[Opening DATA EXCERPT section]
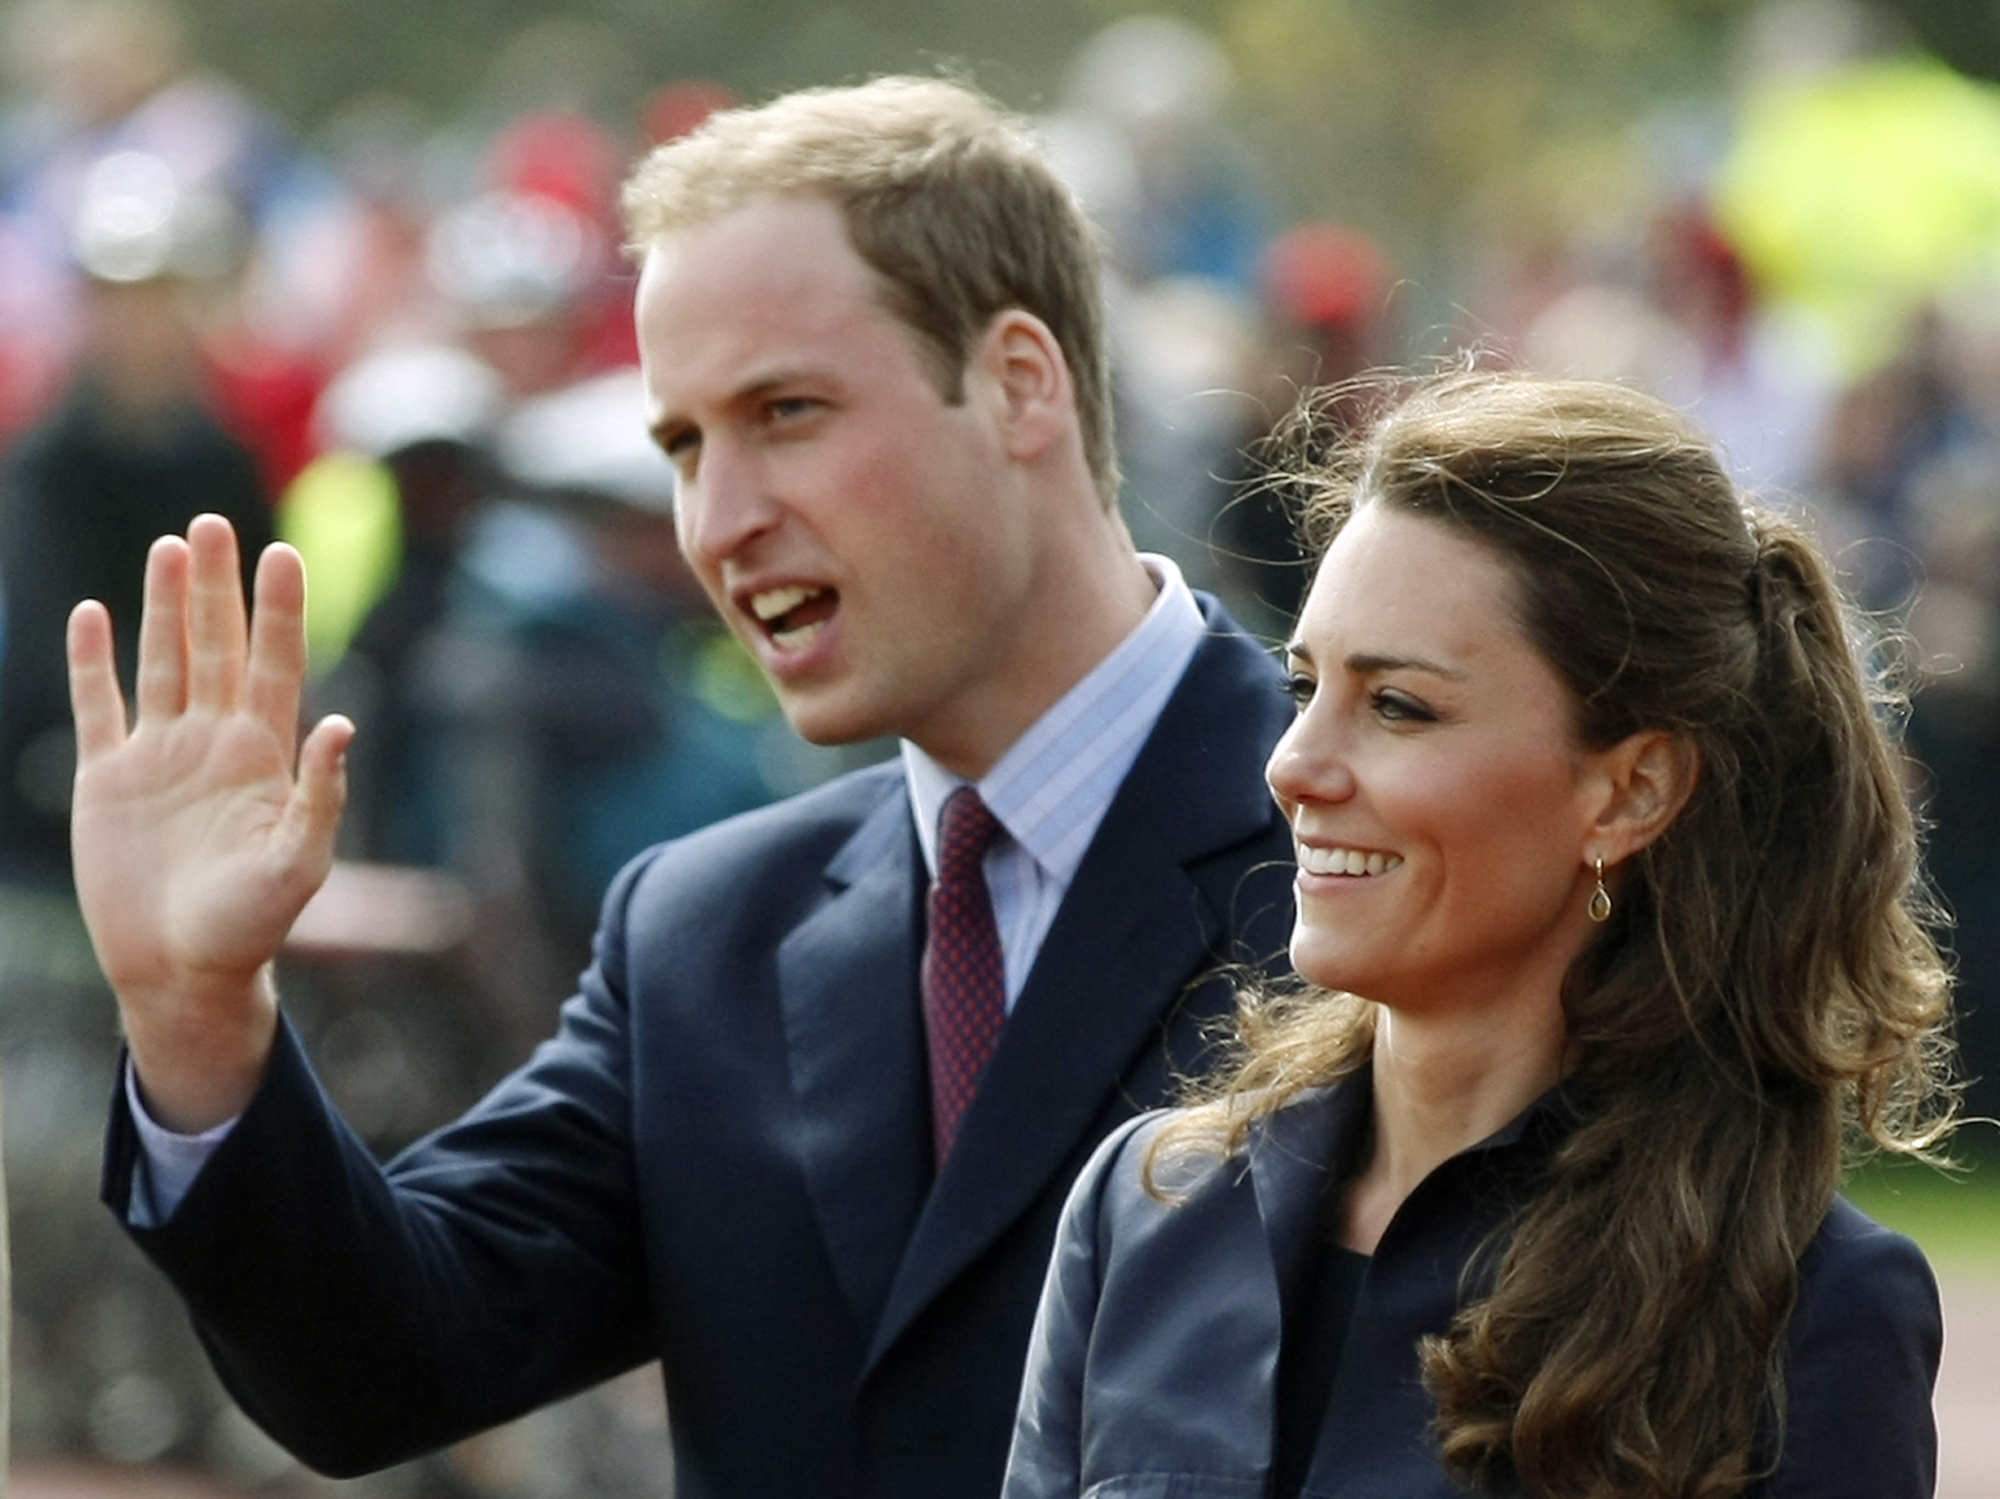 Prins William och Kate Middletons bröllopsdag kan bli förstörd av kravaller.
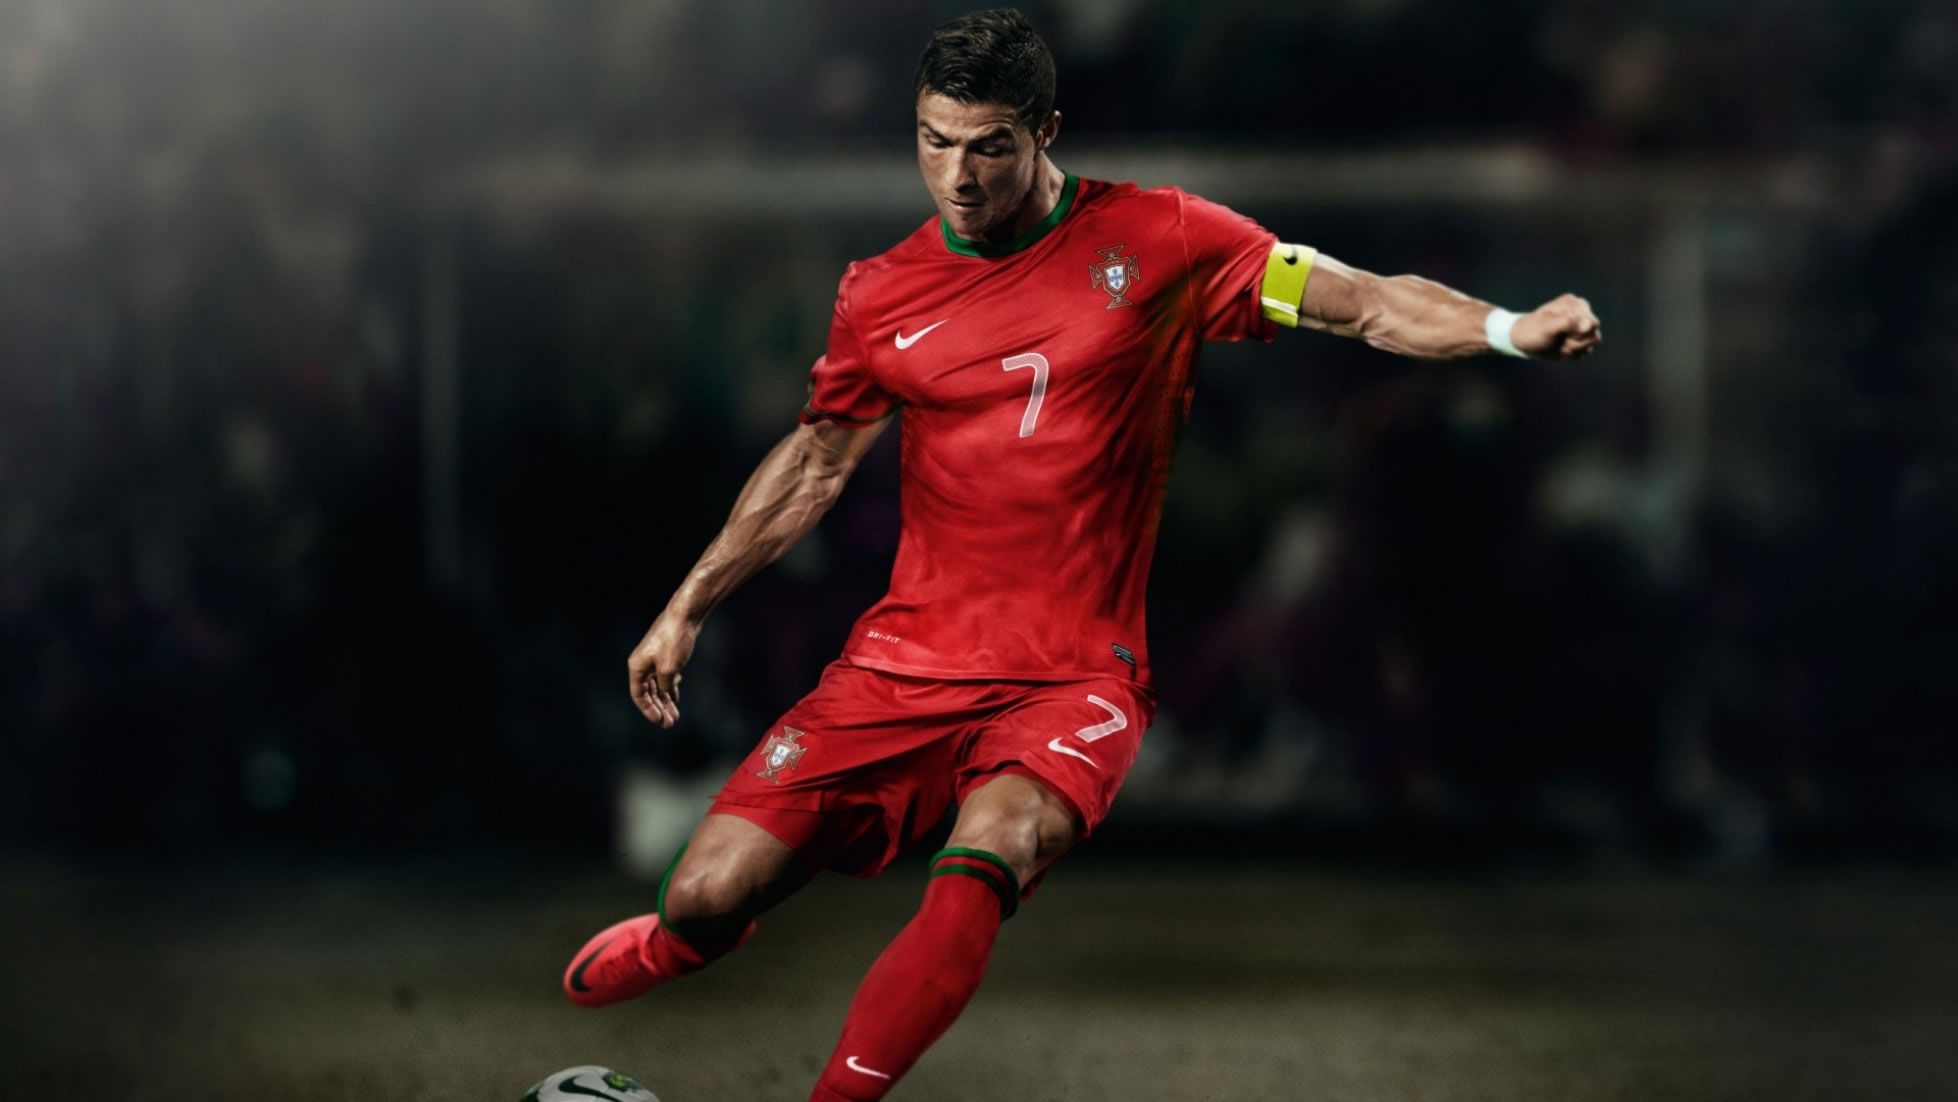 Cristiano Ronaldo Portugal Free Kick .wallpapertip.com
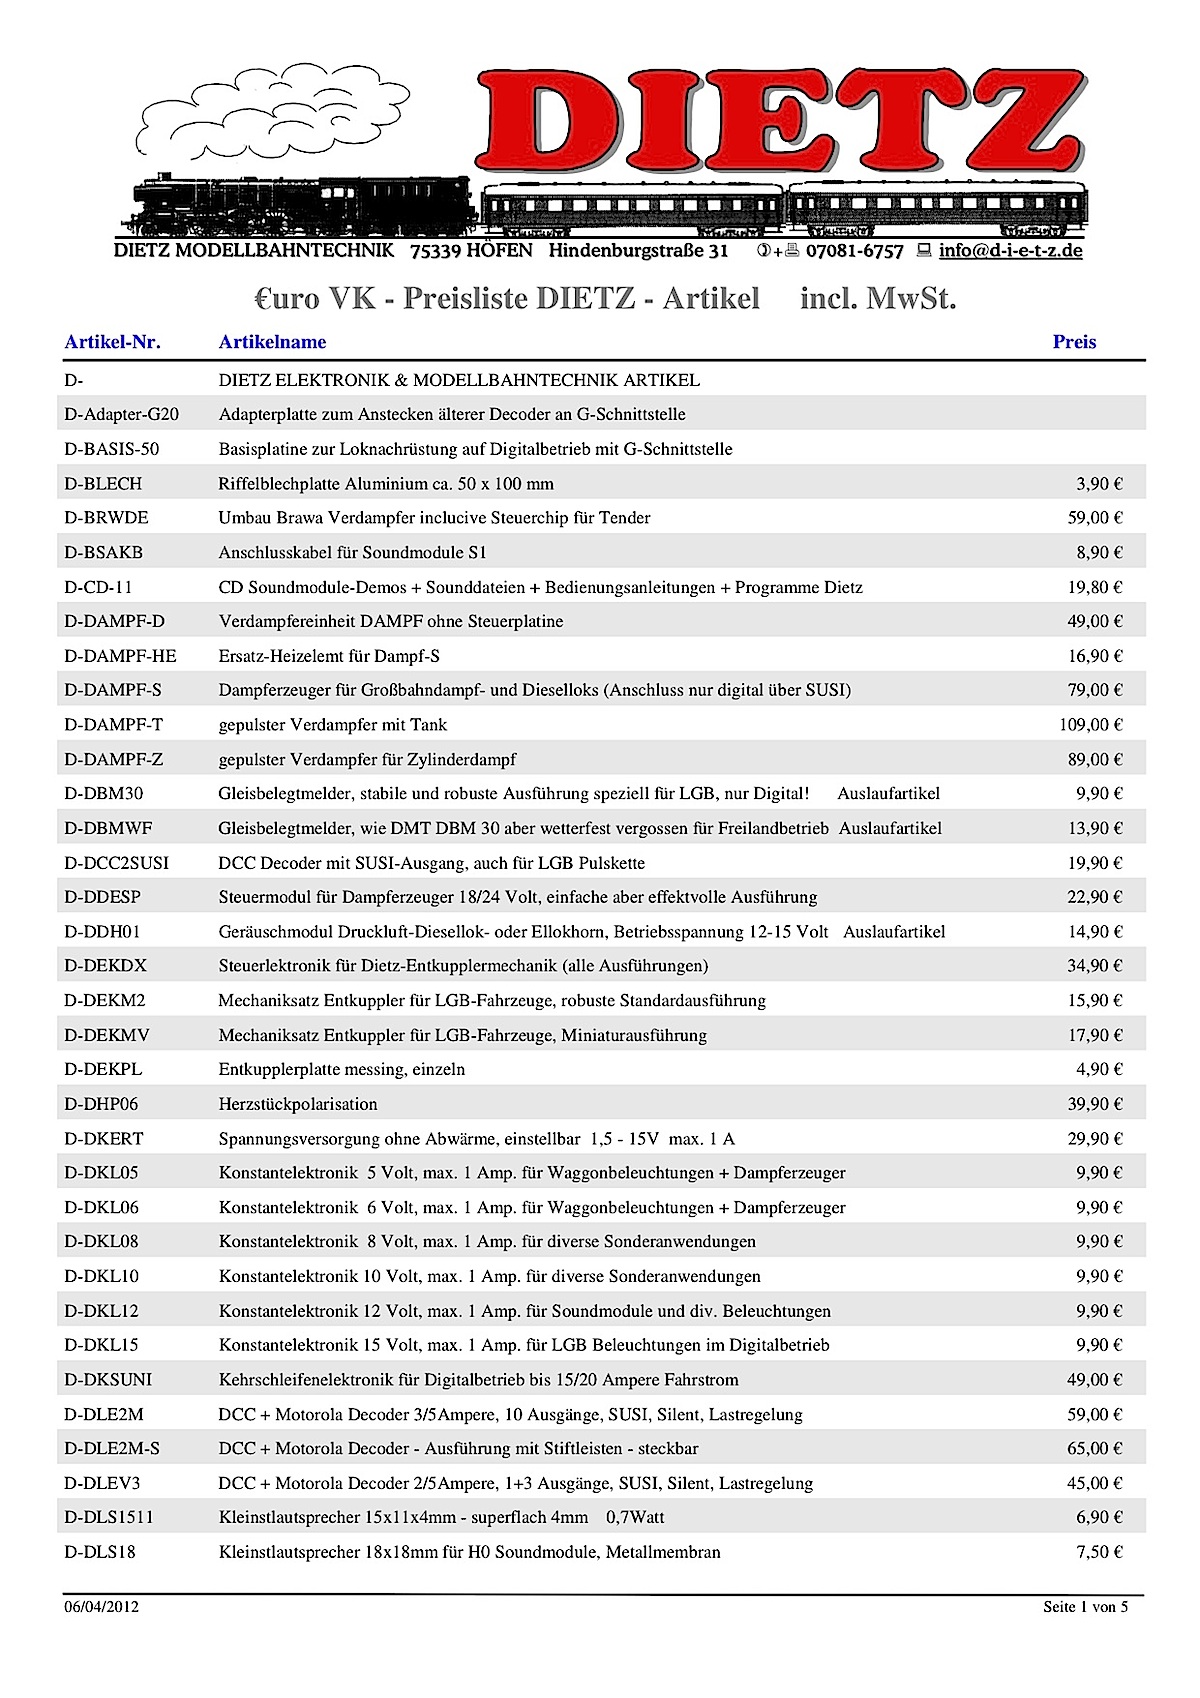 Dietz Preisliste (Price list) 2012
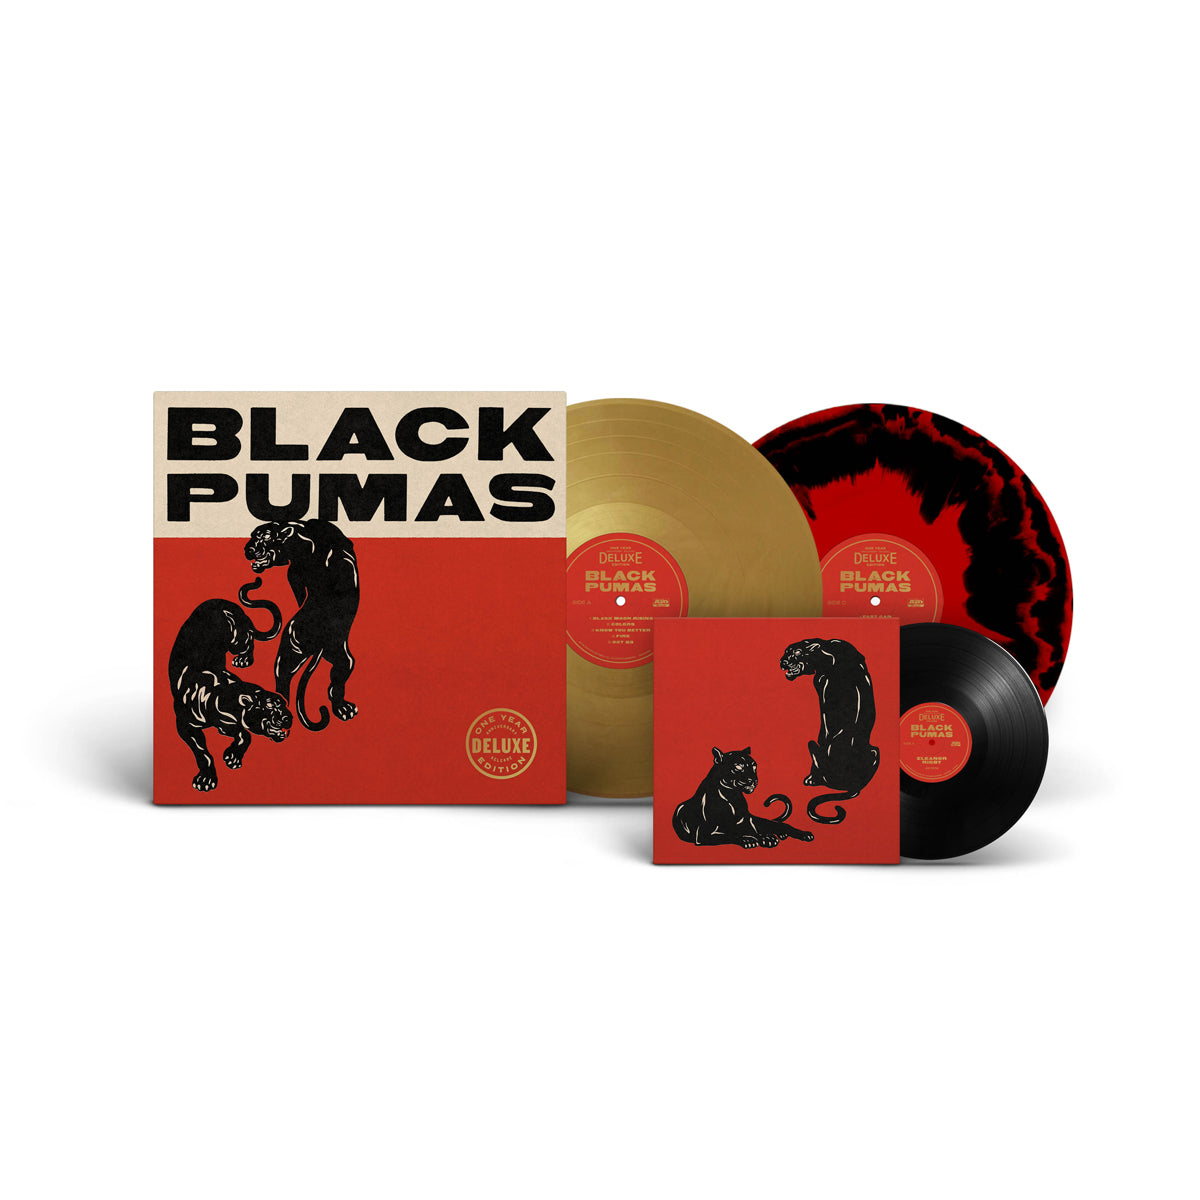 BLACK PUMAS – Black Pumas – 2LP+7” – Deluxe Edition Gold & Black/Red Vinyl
[Closing DATA EXCERPT section]
The pictures should be dropped, and every line above should be set down again exactly.

• TASK OUTPUT:
 Prins William och Kate Middletons bröllopsdag kan bli förstörd av kravaller.
 Cristiano Ronaldo Portugal Free Kick .wallpapertip.com
 Dietz Preisliste (Price list) 2012
 BLACK PUMAS – Black Pumas – 2LP+7” – Deluxe Edition Gold & Black/Red Vinyl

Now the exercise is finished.